Furnace:  Frigidaire FG6RC 060C-12a (903045F)
Thermostat:  Honeywell RTH230b - owner's manual​
I poked around the internet and can't seem to find anything to aid in my ignorance.  Perhaps it's lack of sleep from a newborn, so bear with me.

I often have a desire to circulate the air in the house due to temperature differentials between floors.  For instance, last night it was 76 upstairs due to the beautiful sunshine, but 67 downstairs.  The furnace has 5 low voltage terminals as does the thermostat.  They're wired 1:1, meaning R to R, W to W, etc.  I attempted turning the thermostat to cooling mode, dropping the desired temperature down, and turning the fan from Auto to On.  No dice.
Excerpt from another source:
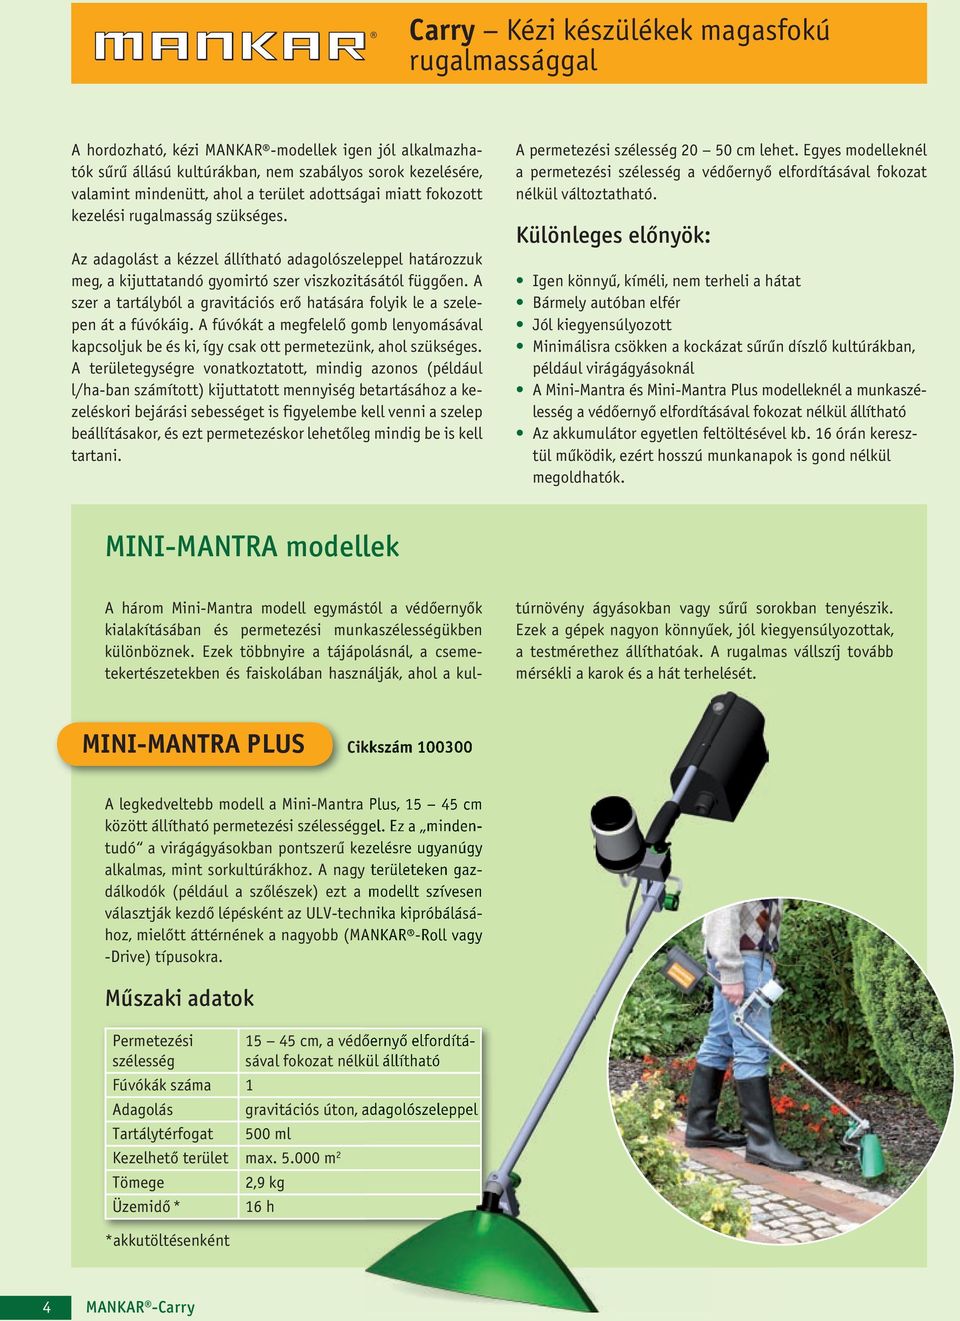 ULV herbicidkijuttató gépek - PDF Free Download

How would I adjust the wiring to allow the furnace fan to be run by itself?

Thank you!


----------



## Ludlow (Jun 4, 2018)

Does the furnace have a control board or is it an older unit?


----------



## coaly (Jun 5, 2018)

When the fan control is in auto, the fan should run automatically as needed. When "On" is selected it should run continuously in the* heat mode only.*

In your manual, page 33 gives heat and cool modes, (has delay turning on and off) page 34 gives fan only mode;

Fan Mode:

1. On a call for fan operation, the thermostat
applies 24 VAC to the G terminal on the
furnace control board.

2. The circulating air blower is energized immediately on the heating speed.

3. If the furnace is operated in the continuous
ON position at the thermostat and is then
switched to AUTO, the circulating blower
will operate for a specified delay (factory set
at 120 seconds)

Simple low voltage connections are as follows;
So to troubleshoot fan only operation, make sure you have 24 volts at the *green* wire from t-stat to circuit board for fan only operation.

*White* is 24 volts with a call for heat, and *green and yellow* is 24 volts when a call for cool to turn on compressor.

*Red* is common, so measure between red and green, (fan) or red and white, (heat) or red and yellow (cool) at the board.

This will start you at page 33 giving you what the other t-stat wires do. (4 used for heat and cool)
https://www.manualslib.com/manual/112920/Nordyne-G6rc-90Plus.html?page=33#manual


----------